Take the line containing "Royal Vienna Porcelain Charger" and each line after it through the end of the data below, and return them exactly, minus any pictures.

▸ Collected data
_ _ _ _
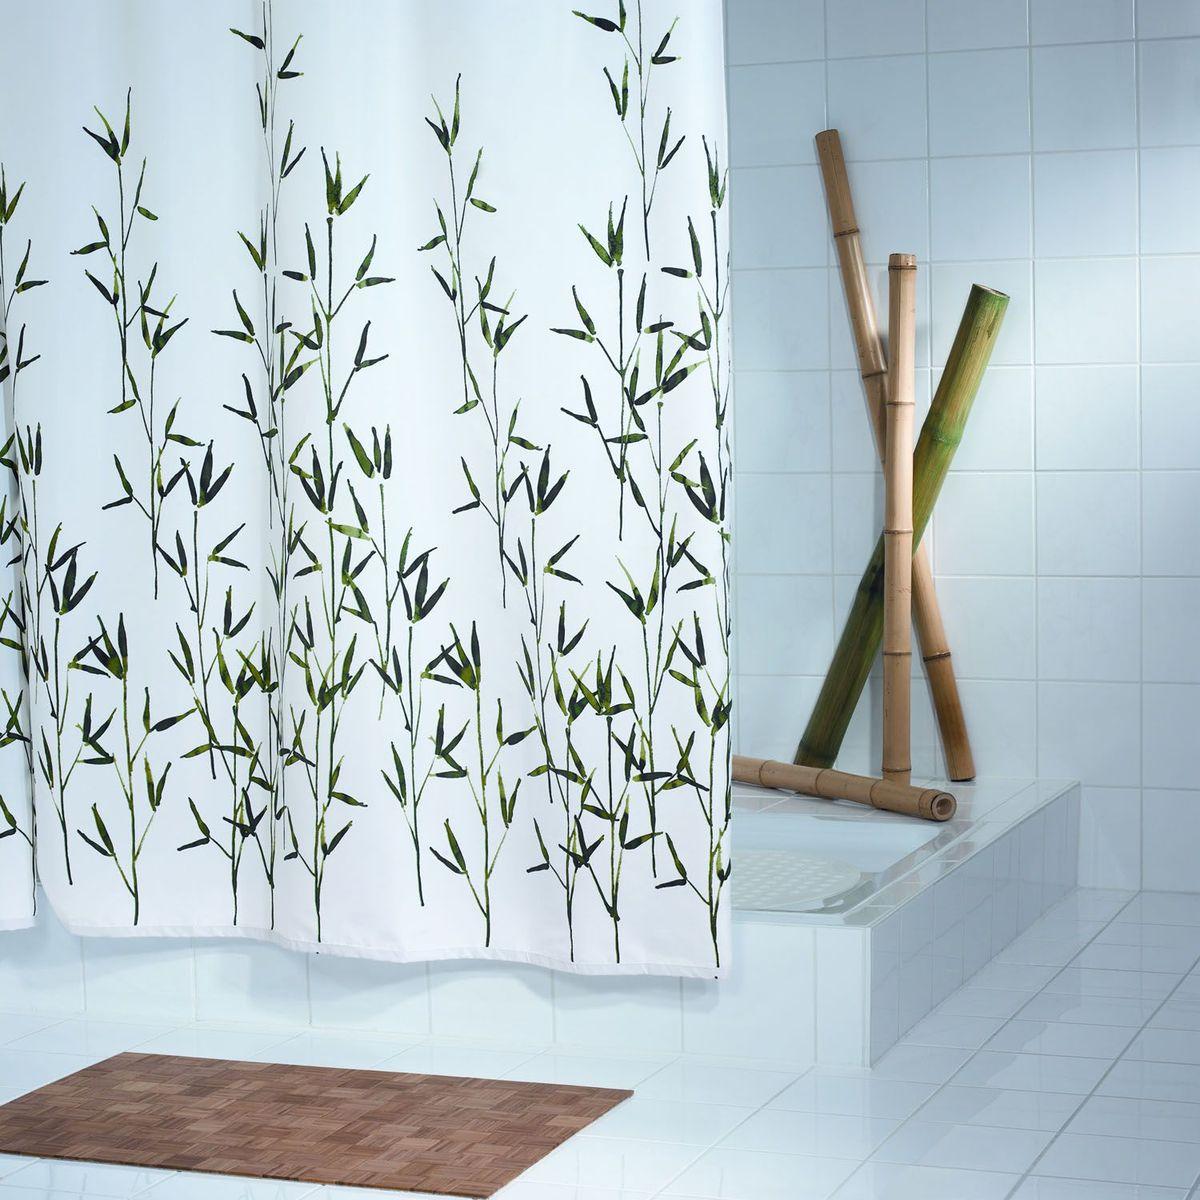 Штора для ванной комнаты Ridder Bambus, цвет: зеленый, 180 х 200 см штора для ванной комнаты ridder helgoland цвет синий голубой 240 х 180 см
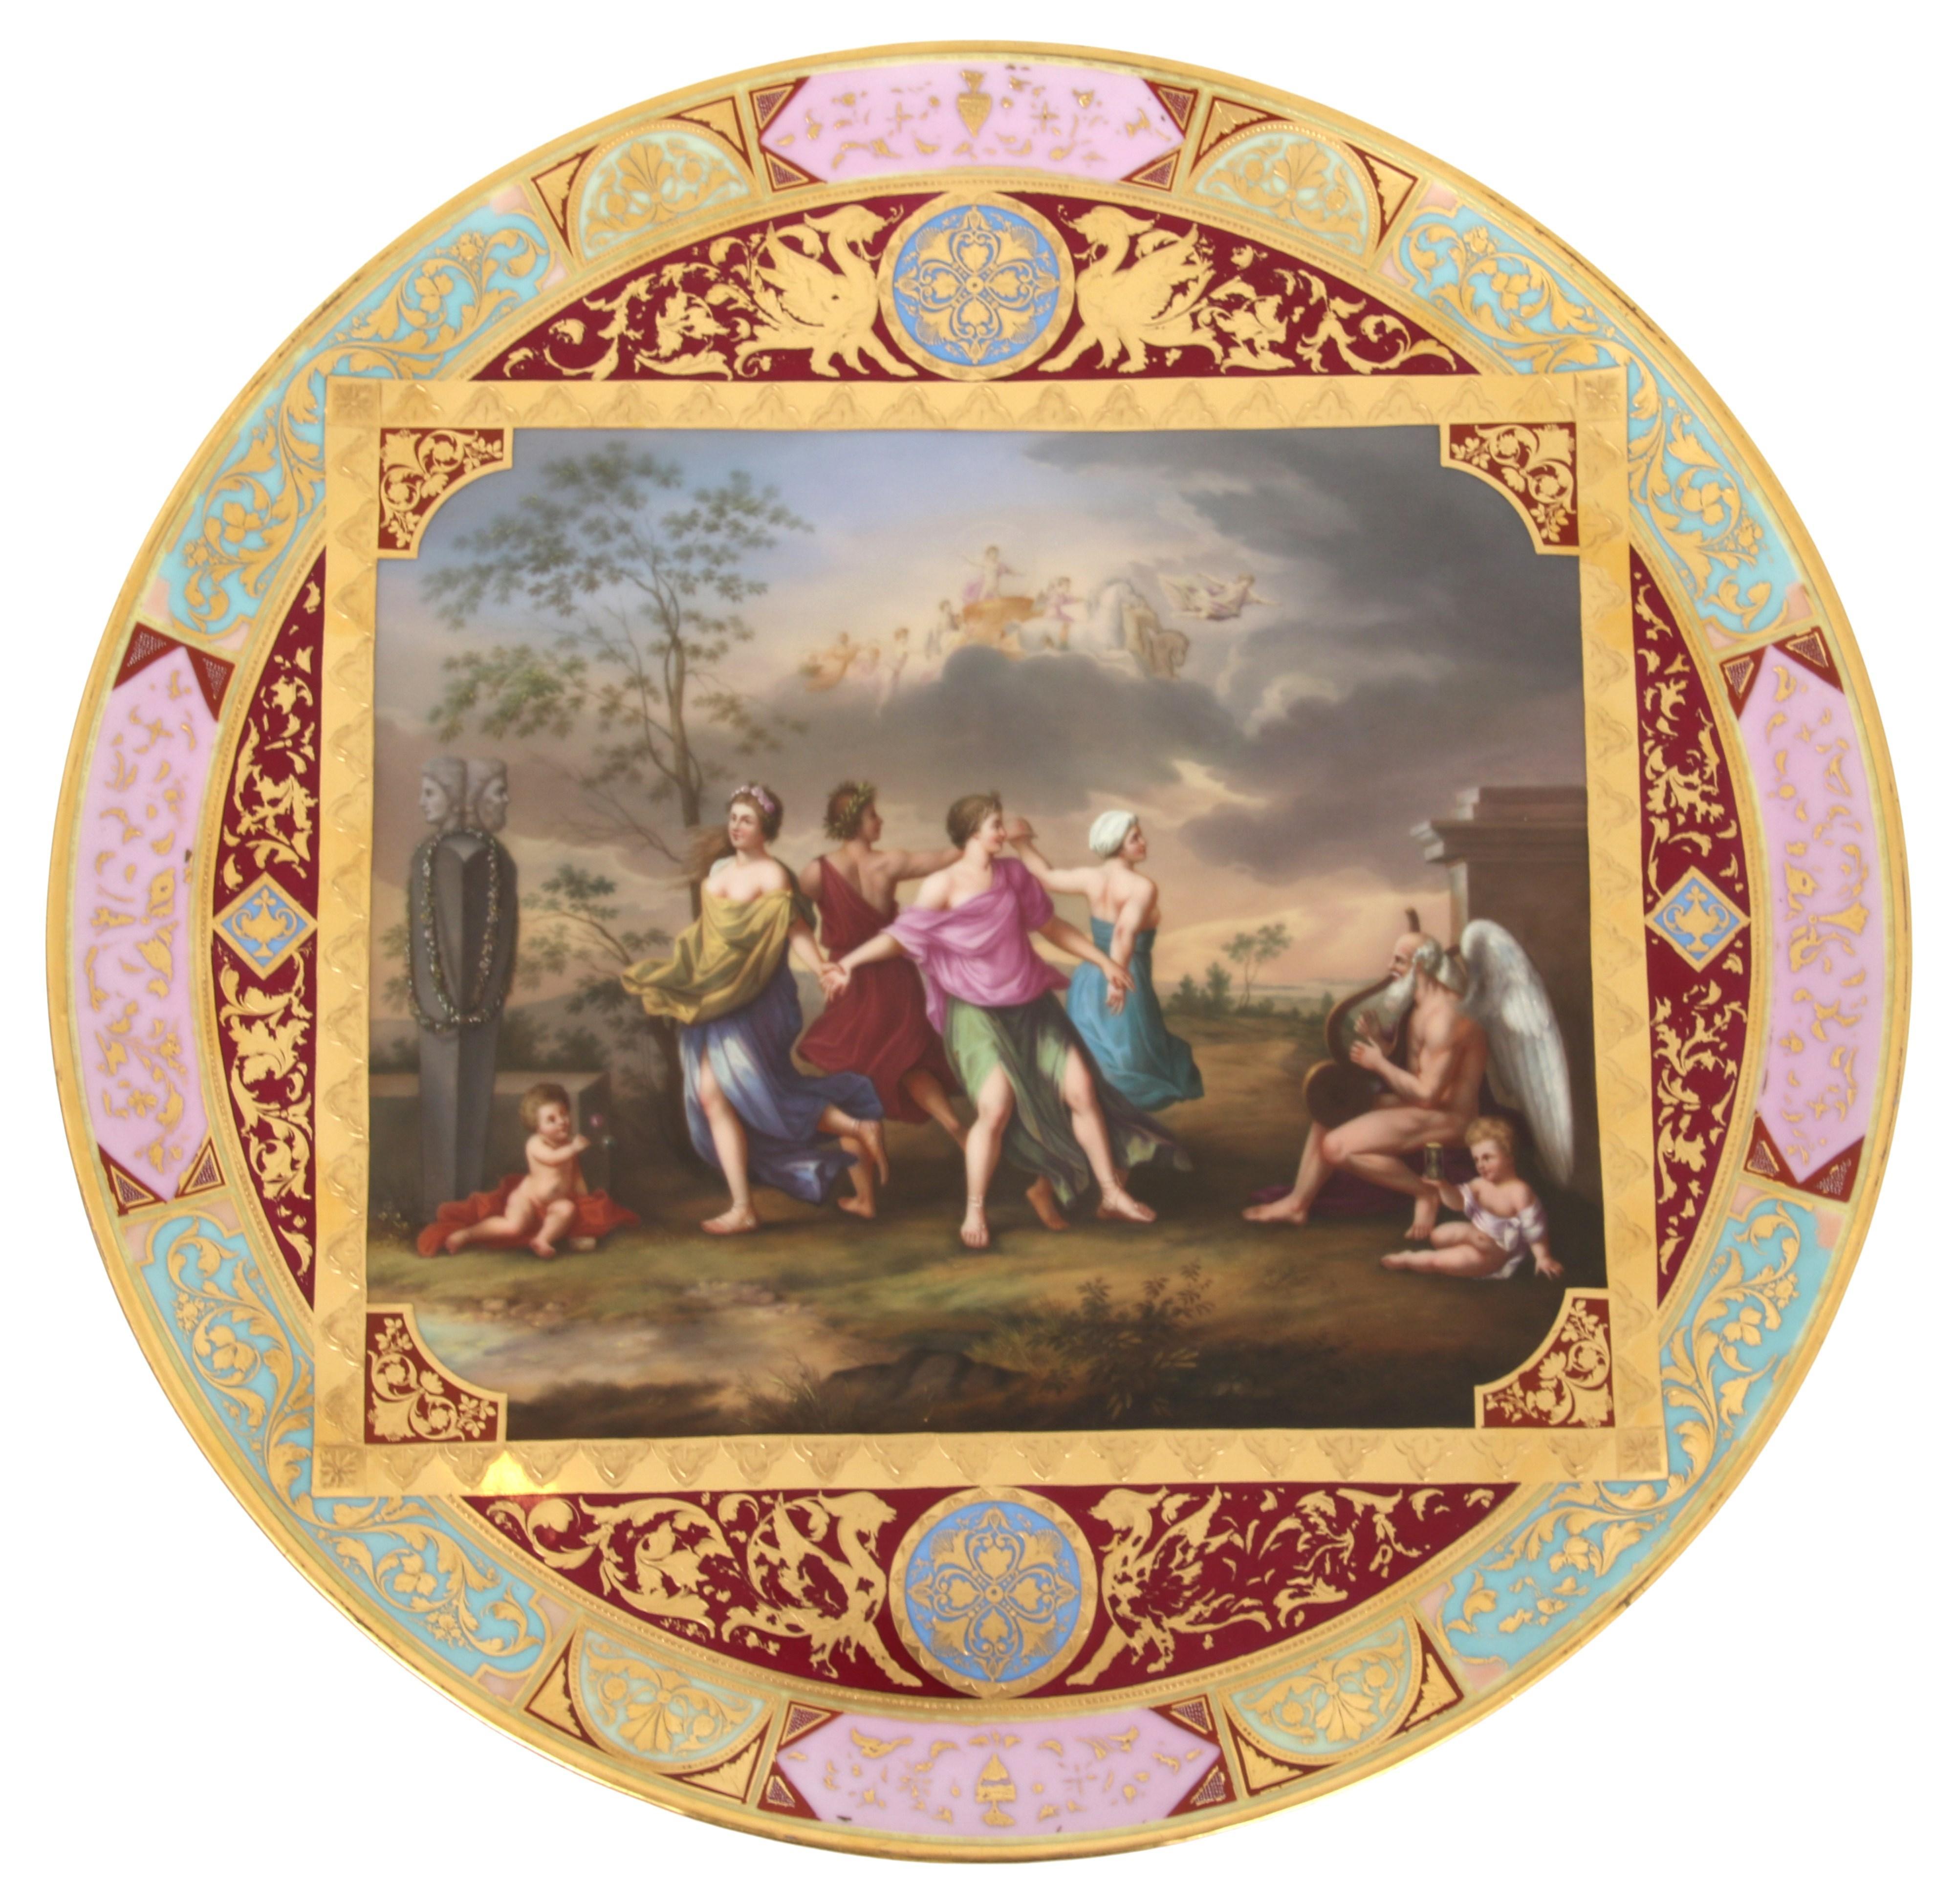 Royal Vienna Porcelain Charger
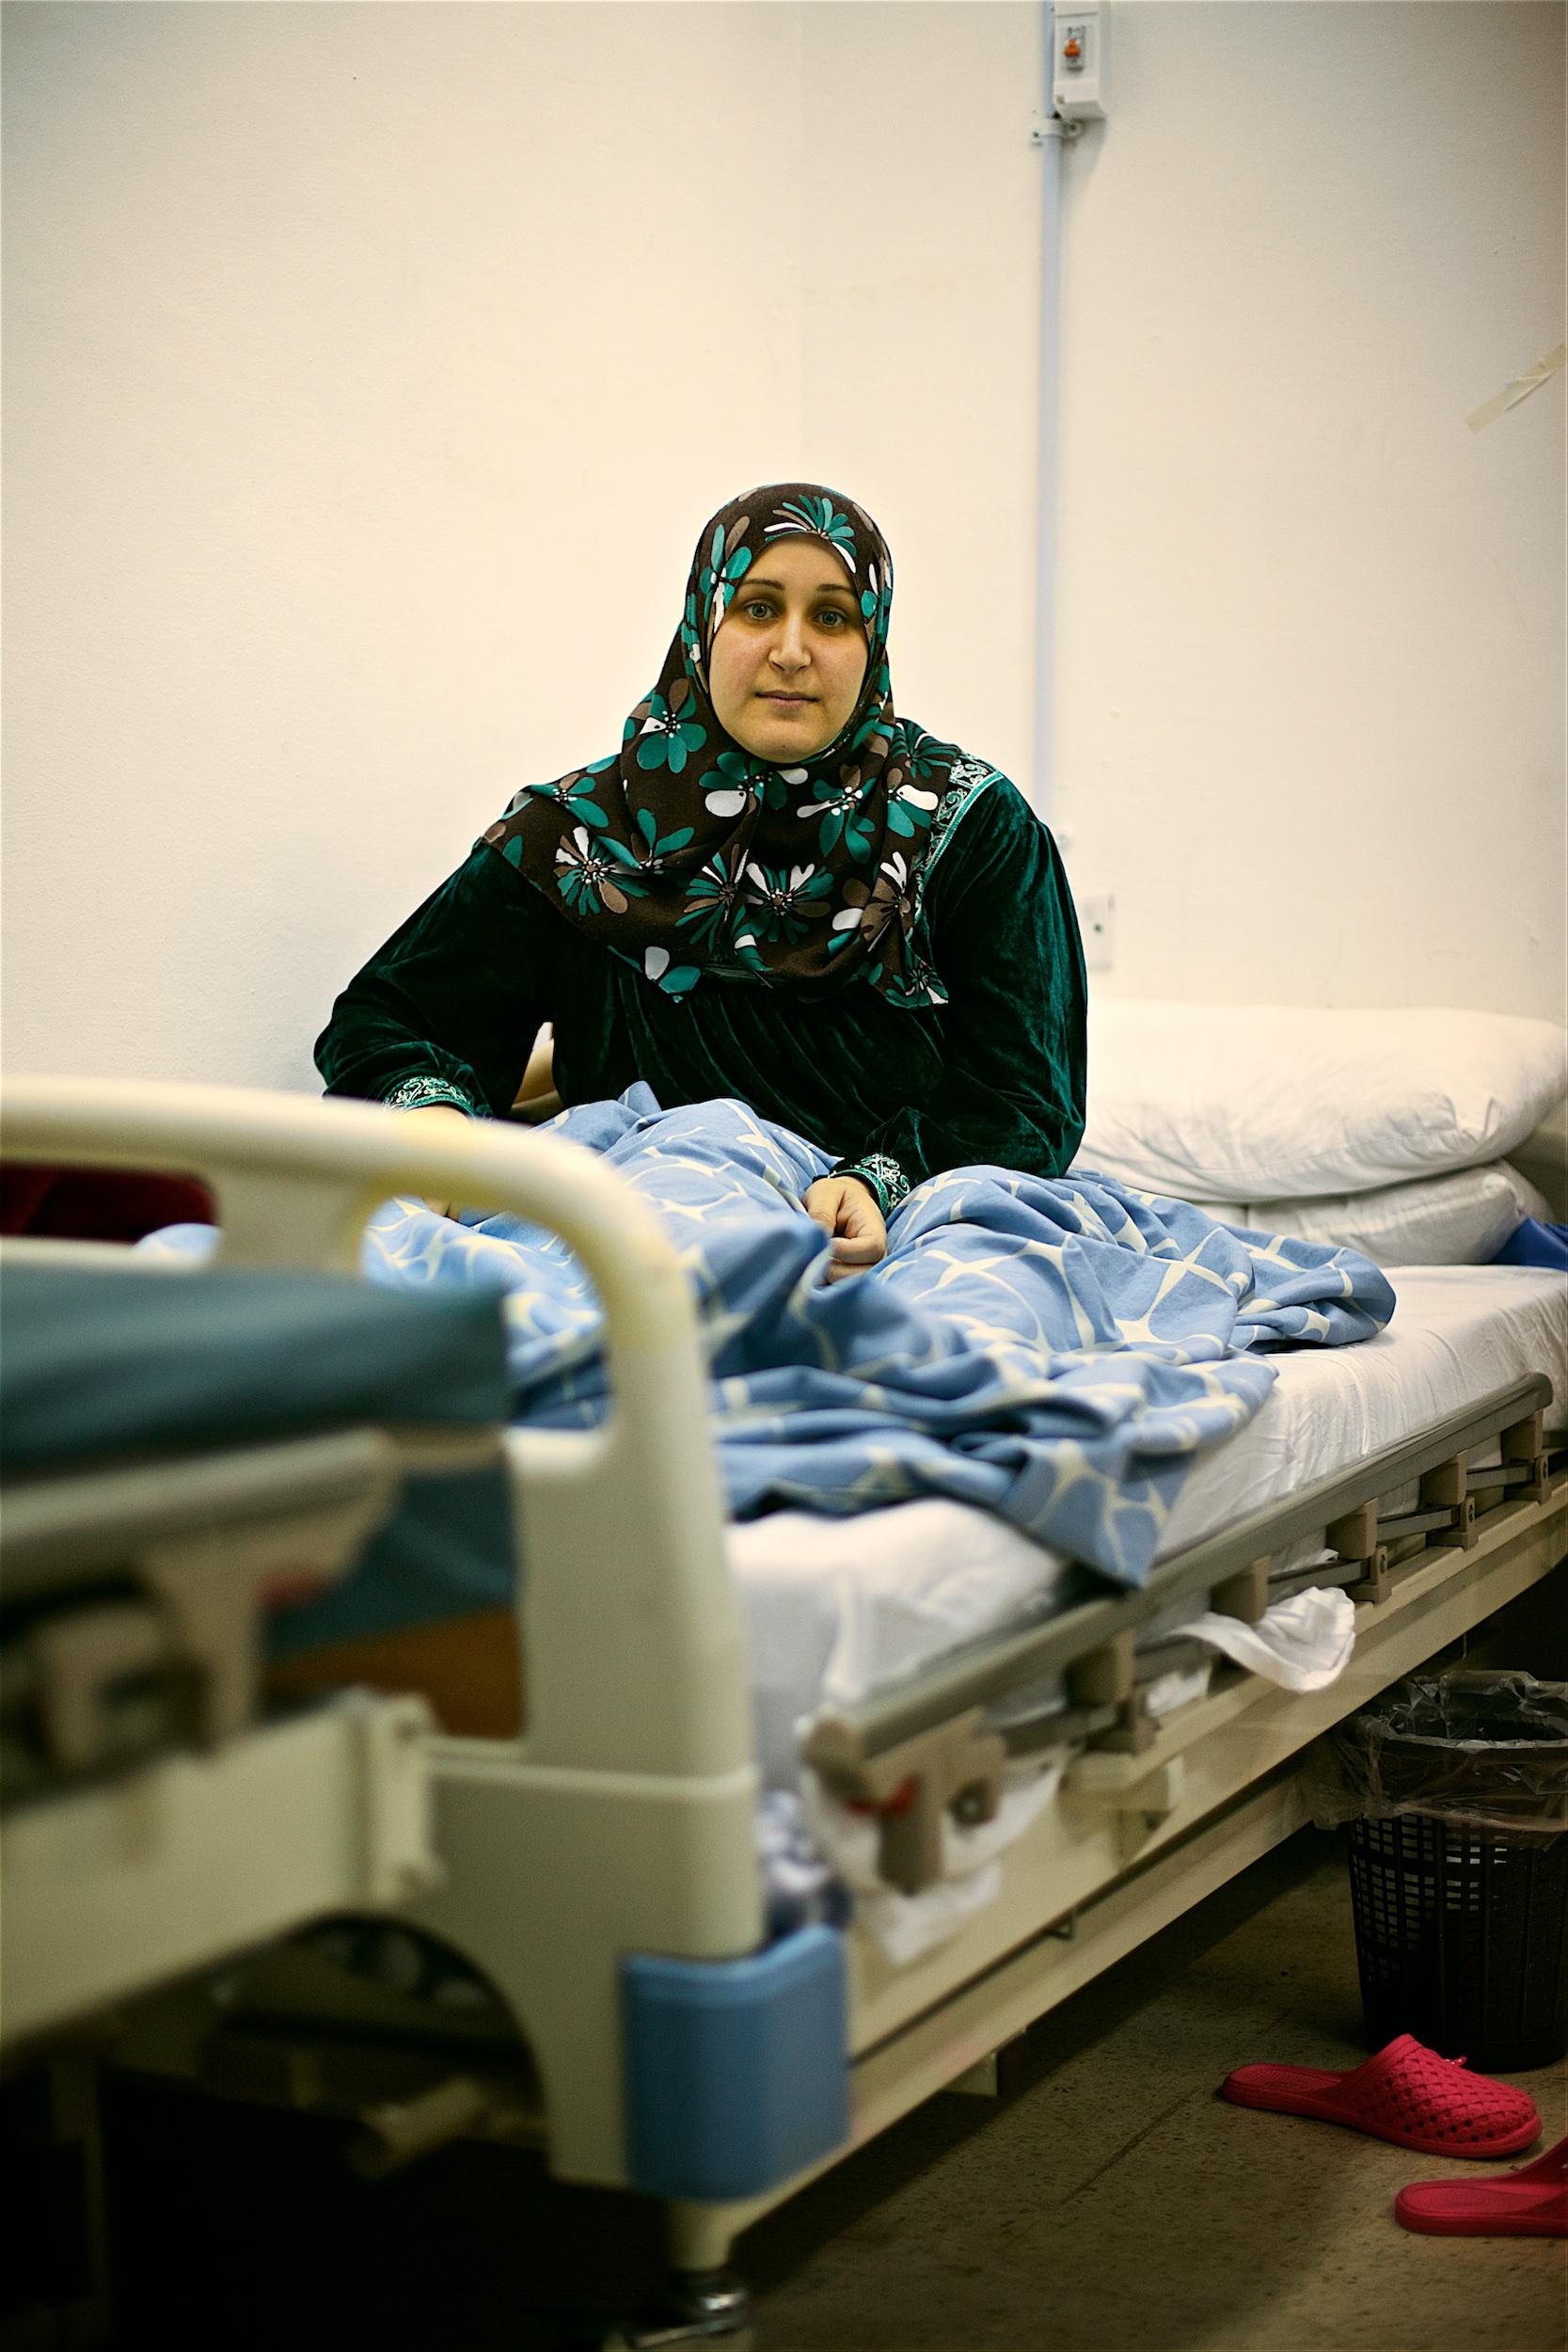 jordan-msf-al-ramtha-dectors-without-borders-war-hospital-refugee-camp-denis-bosnic-36.jpg
_ _ _ _
▸ Reply
 Royal Vienna Porcelain Charger
 jordan-msf-al-ramtha-dectors-without-borders-war-hospital-refugee-camp-denis-bosnic-36.jpg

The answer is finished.